Landrum Griffin Act, 1959


This act is passed by the U.S. Congress, officially known as the Labor-Management Reporting and Disclosure Act. It resulted from hearings of the Senate committee on improper activities in the fields of labor and management, which uncovered evidence of collusion between dishonest employers and union officials, the use of violence by certain segments of labor leadership, and the diversion and misuse of labor union funds by high-ranking officials. The act provided for the regulation of internal union affairs, including the regulation and control of union funds. Former members of the Communist party and former convicts are prevented from holding a union office for a period of five years after resigning their Communist party membership or being released from prison. Union members are protected against abuses by a bill of rights that includes guarantees of freedom of speech and periodic secret elections. Officially called the Labor-Management Reporting and Disclosure Act, it instituted federal penalties for labour officials who misused union funds or prevented union members from exercising their legal rights.
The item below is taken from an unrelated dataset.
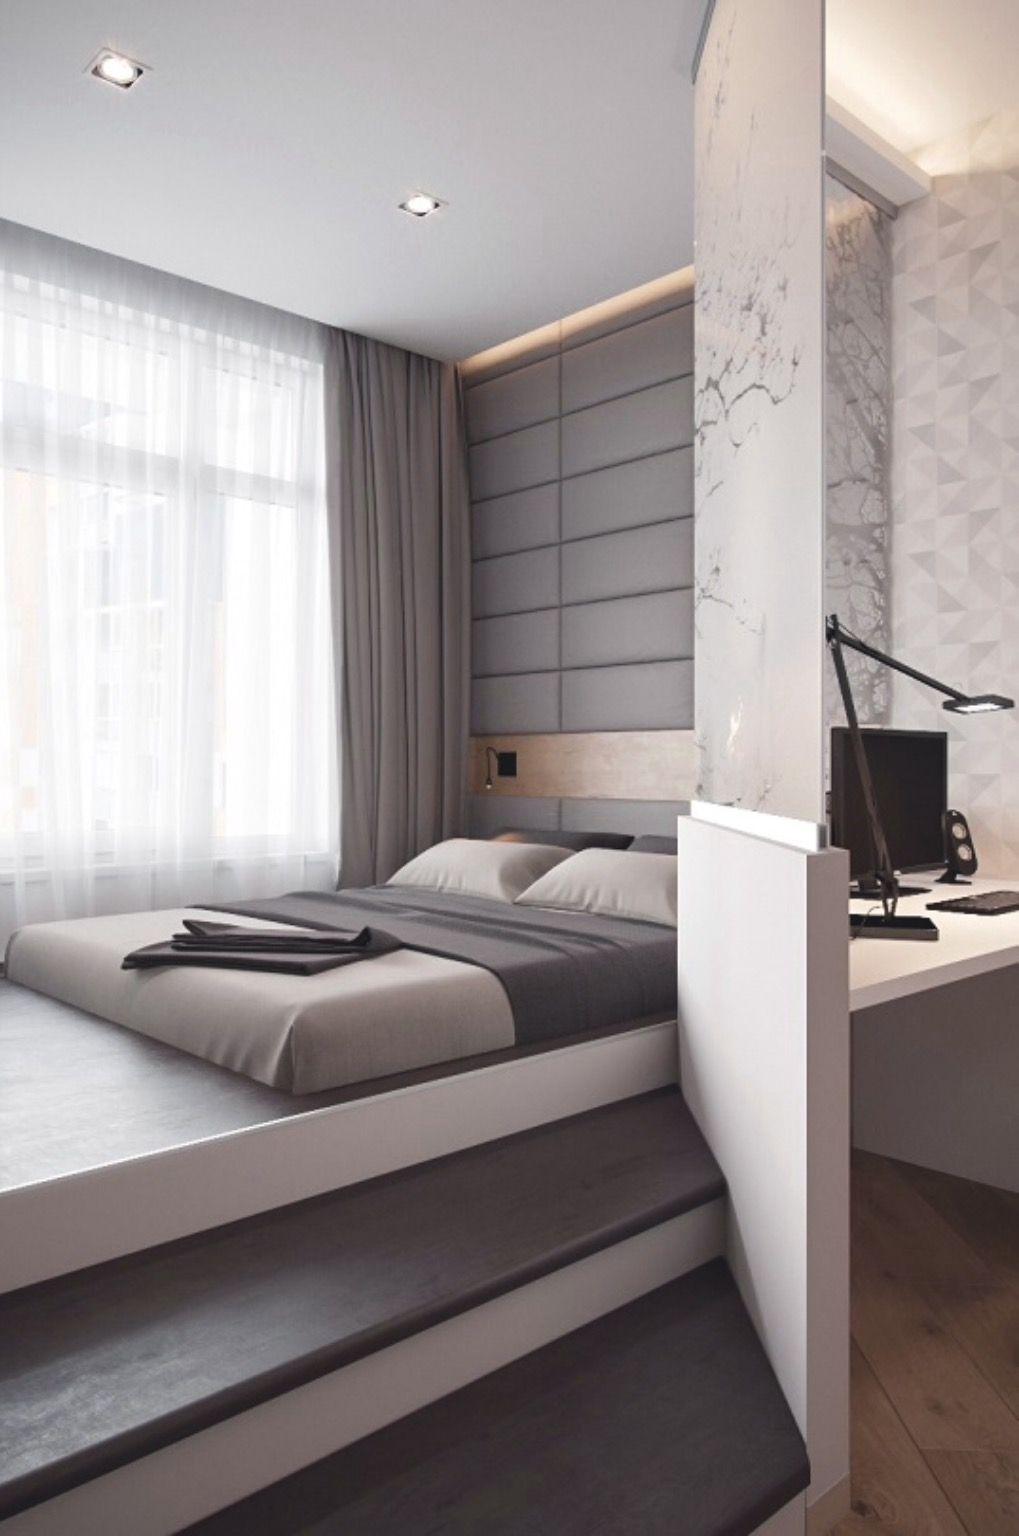 Bedrooms Pin by Marisha Gustavo on Bedrooms
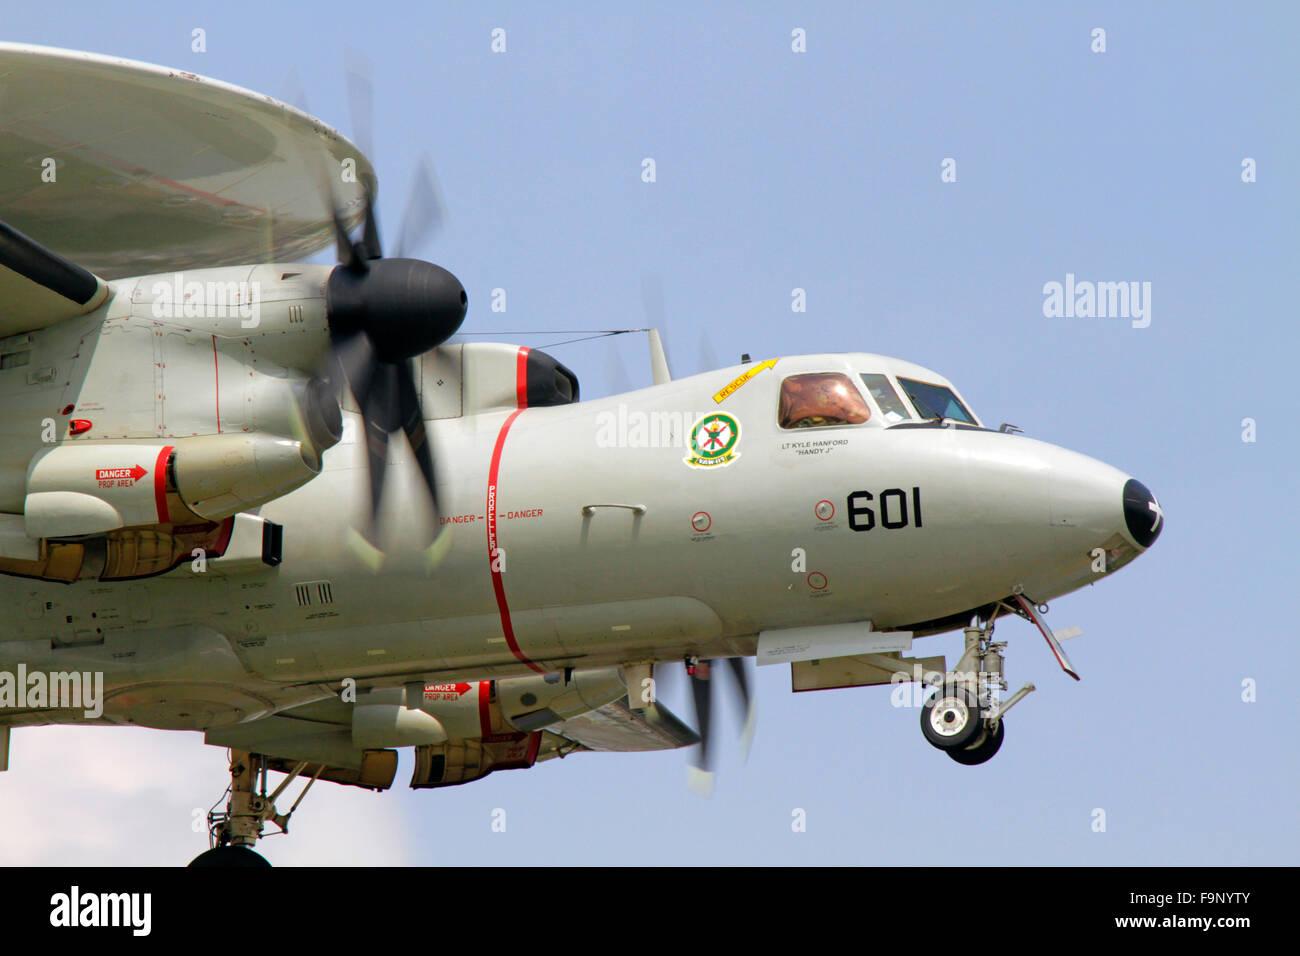 Northrop Grumman E-2D Advanced Hawkeye of US Navy - Stock Image

Civil Service Reform Act, 1978

The Civil Service Reform Act of 1978 (CSRA) applies to labor organizations which represents employees in most agencies of the executive branch of the Federal Government. The legislation, however, contains two themes that at times are inconsistent with one another. First, the act seeks greater accountability of federal

employees for their performance. It does so by increasing the discretion and authority of federal managers. The provisions related to job performance reflected public and congressional concerns about the performance of federal agencies. Second, the act emphasizes protection of the rights of federal employees from abuses by federal managers. This aspect of the act was a response to the constitutional crisis of the Watergate scandals and President Richard Nixon's abuse of the civil service system. To increase the accountability of federal employees, the act gives federal managers and politically appointed officials greater control over personnel policy. The highestranking civil servants become part of a Senior Executive Service over which agency officials assert greater authority in assignment and pay. The act authorizes merit pay and bonuses that give senior officials greater control over middle-level managers. Under the act, pay, job retention, and discipline depend on job performance. In addition, the act increases the ability of each government agency to create its own standards and procedures within the framework of the act.